Me Jean-Pierre Rancourt plaidait notamment que la conversation entre la policière et sa conjointe relevait du domaine privé. Mais le juge Daniel Bédard a plutôt convenu que la pertinence de cette vidéo primait.

D’autres vidéos-chocs ont été présentées en preuve dans le cadre de ce procès, qui a débuté en octobre. On y voit notamment la policière maintenir face contre terre celui qui buvait une bière sur le trottoir, Rudi Ochietti, et le menotter.

Dès le début de l’intervention, l’homme et ses amis avaient reconnu la policière, devenue une célébrité du web lors de la crise étudiante pour avoir «poivré» des manifestants dans la rue.

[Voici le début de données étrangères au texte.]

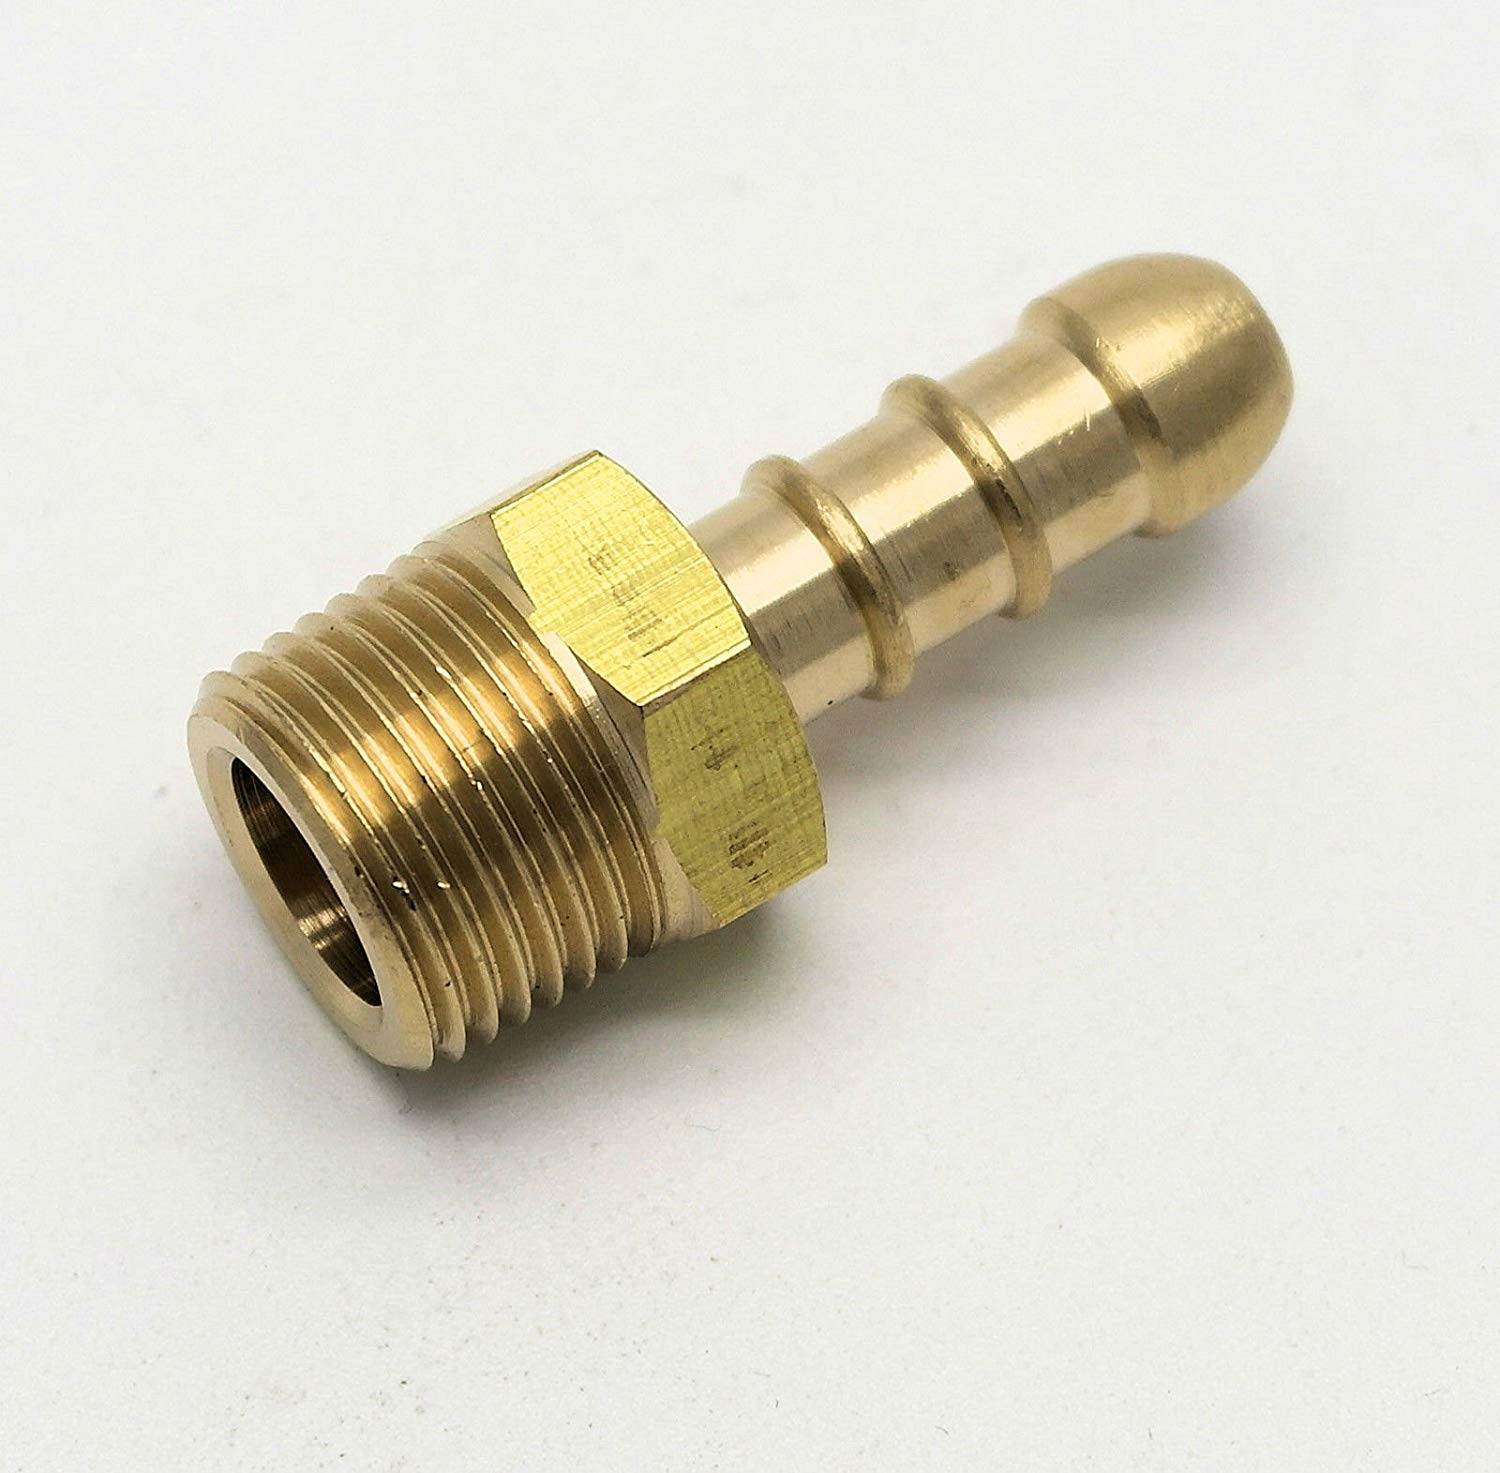 3/8" BSP female Fulham nozzle connector to LPG 8mm id rubber hose.

La policière a aussi été filmée lors de cette intervention, pendant qu’elle traînait un autre homme en bas de l’escalier, avant de l’immobiliser sous elle pendant quelques secondes.

Vidéo-surprise

Simon Pagé
Photo Le Journal de Montréal, Chantal Poirier
Simon Pagé

C’est Simon Pagé qui a filmé plusieurs de ces scènes avec sa caméra vidéo. Arrêté avec ses amis après l’intervention, il avait vu saisir son appareil, qu’il a pu récupérer en sortant de prison le lendemain. C’est à ce moment qu’il a réalisé que, parmi les vidéos, il y en avait une de 32 minutes dont il n’était pas l’auteur et où on entend Matricule 728 parler à sa conjointe au téléphone. Il en avait fait des copies, qu’il avait envoyées aux médias.

Le procès de Stéfanie Trudeau se poursuit jeudi à Montréal. La défense fait présentement entendre des témoins dans le cadre d’une requête en arrêt des procédures. Elle plaide notamment que la Couronne a fait un «marchandage d’accusations».

 

Ce que l’accusée a dit

«Ils nous ont pas sauté dessus, parce que, criss, si tu veux sauter sur moi, tu peux avoir du fun.»

«L’“estie” de cave qui me traitait de tous les noms, je l’enligne. Il se pousse dans l’appartement. Je monte les marches, je grab l’“estie” de cave. Je saute sur l’“estie” de trou de cul. Évidemment, il ne se laisse pas faire. Je suis en train de l’étouffer, je me bats avec dans l’escalier. Tout le monde nous encercle, tout le monde nous filme.»

«À un moment, j’entends: “C’est toi, ça, 728? “Estie” de grosse vache. Vas-tu le poivrer, “estie” de chienne?”»

«Et, là, il y a une “estie” de conne qui n’a pas rapport, une “plateaunienne” du nowhere, qui filme.»

«On lui a sauté dessus. On a commencé à se battre avec pour le menotter. Pendant ce temps-là, tous les rats qui étaient en haut, les gratteux de guitare, les “hosties” de carrés rouges, là, tous des artistes, des mangeux de marde, là, ils ont tous commencé à sortir de l’appartement.»